Operational strategies for producing bioethanol in a continuous single-stage reactor.

Novel strategies to facilitate the transition from batch to continuous simultaneous saccharification and fermentation were studied in this work. Implementing these strategies in bioethanol production plants to change production to a continuous mode will avoid large modifications in the process configuration. Therefore, experiments were carried out in a single-stage reactor applying strategies that favour a priori viability of yeast and stability of the process. The effects of (a) hydraulic residence time (HRT), (b) anaerobic and microaerobic operation, (c) inoculation strategy and (d) growth inhibition due to high ethanol concentrations were evaluated. The highest ethanol concentration (6.3 % w/w) was achieved during anaerobic operation, with reinoculations every 3-4 days and an HRT of 60 h; however, the processes suffered severe instability under these conditions. The greatest productivity and stability of the process was achieved using periodic microaeration and an HRT of 36 h (0.169 % ethanol weight/h), overcoming the result obtained during batch operation (0.128 % ethanol weight/h).

Enhanced saccharification of biologically pretreated wheat straw for ethanol production.

The biological pretreatment of lignocellulosic biomass with white-rot fungi for the production of bioethanol is an alternative to the most used physico-chemical processes. After biological treatment, a solid composed of cellulose, hemicellulose, and lignin-this latter is with a composition lower than that found in the initial substrate-is obtained. On the contrary, after applying physico-chemical methods, most of the hemicellulose fraction is solubilized, while cellulose and lignin fractions remain in the solid. The optimization of the combination of cellulases and hemicellulases required to saccharify wheat straw pretreated with the white-rot fungus Irpex lacteus was carried out in this work. The application of the optimal dosage made possible the increase of the sugar yield from 33 to 54 %, and at the same time the reduction of the quantity of enzymatic mixture in 40 %, with respect to the initial dosage. The application of a pre-hydrolysis step with xylanases was also studied.

Optimisation of the biological pretreatment of wheat straw with white-rot fungi for ethanol production.

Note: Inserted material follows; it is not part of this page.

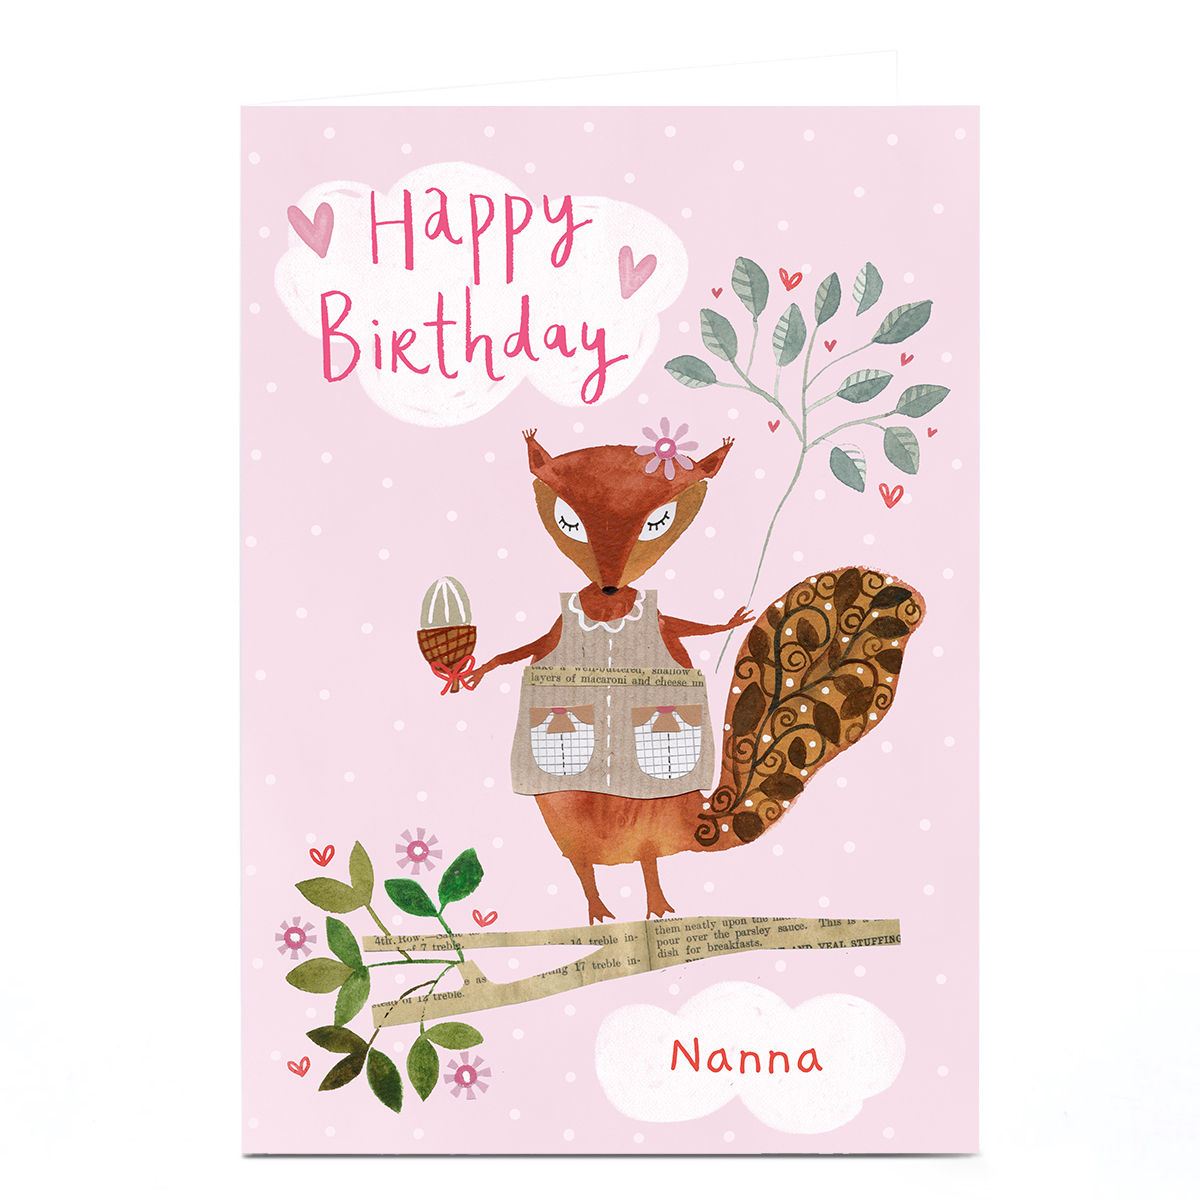 Personalised Lindsay Loves To Draw Birthday Card - Squirrel
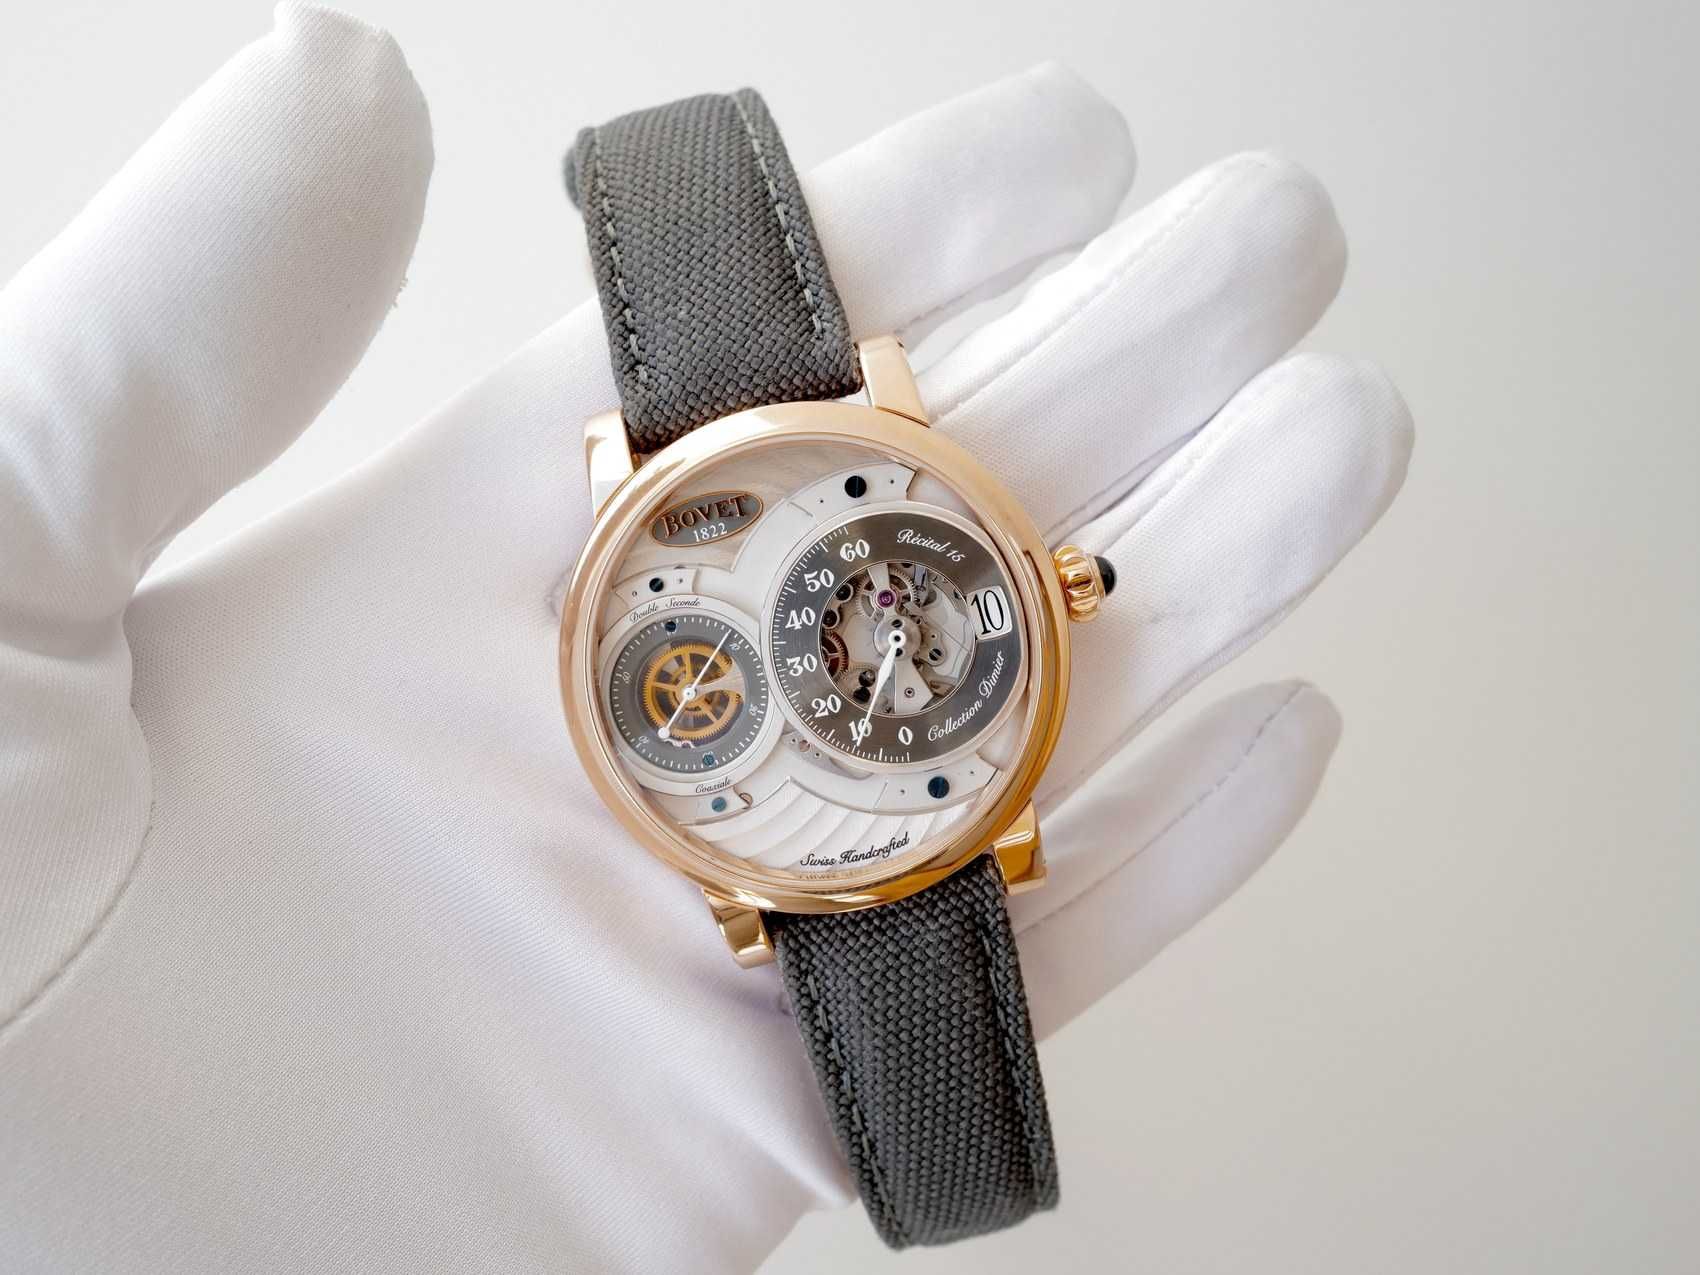 Bovet Dimier Récital 15 Jumping Hour Limited Edition 1st of 100

The biological pretreatment of lignocellulosic biomass for the production of bioethanol is an environmentally friendly alternative to the most frequently used process, steam explosion (SE). However, this pretreatment can still not be industrially implemented due to long incubation times. The main objective of this work was to test the viability of and optimise the biological pretreatment of lignocellulosic biomass, which uses ligninolytic fungi (Pleurotus eryngii and Irpex lacteus) in a solid-state fermentation of sterilised wheat straw complemented with a mild alkali treatment. In this study, the most important parameters of the mechanical and thermal substrate conditioning processes and the most important parameters of the fungal fermentation process were optimised to improve sugar recovery. The largest digestibilities were achieved with fermentation with I. lacteus under optimised conditions, under which cellulose and hemicellulose digestibility increased after 21 days of pretreatment from 16 to 100 % and 12 to 87 %, respectively. The maximum glucose yield (84 %) of cellulose available in raw material was obtained after only 14 days of pretreatment with an overall ethanol yield of 74 % of the theoretical value, which is similar to that reached with SE.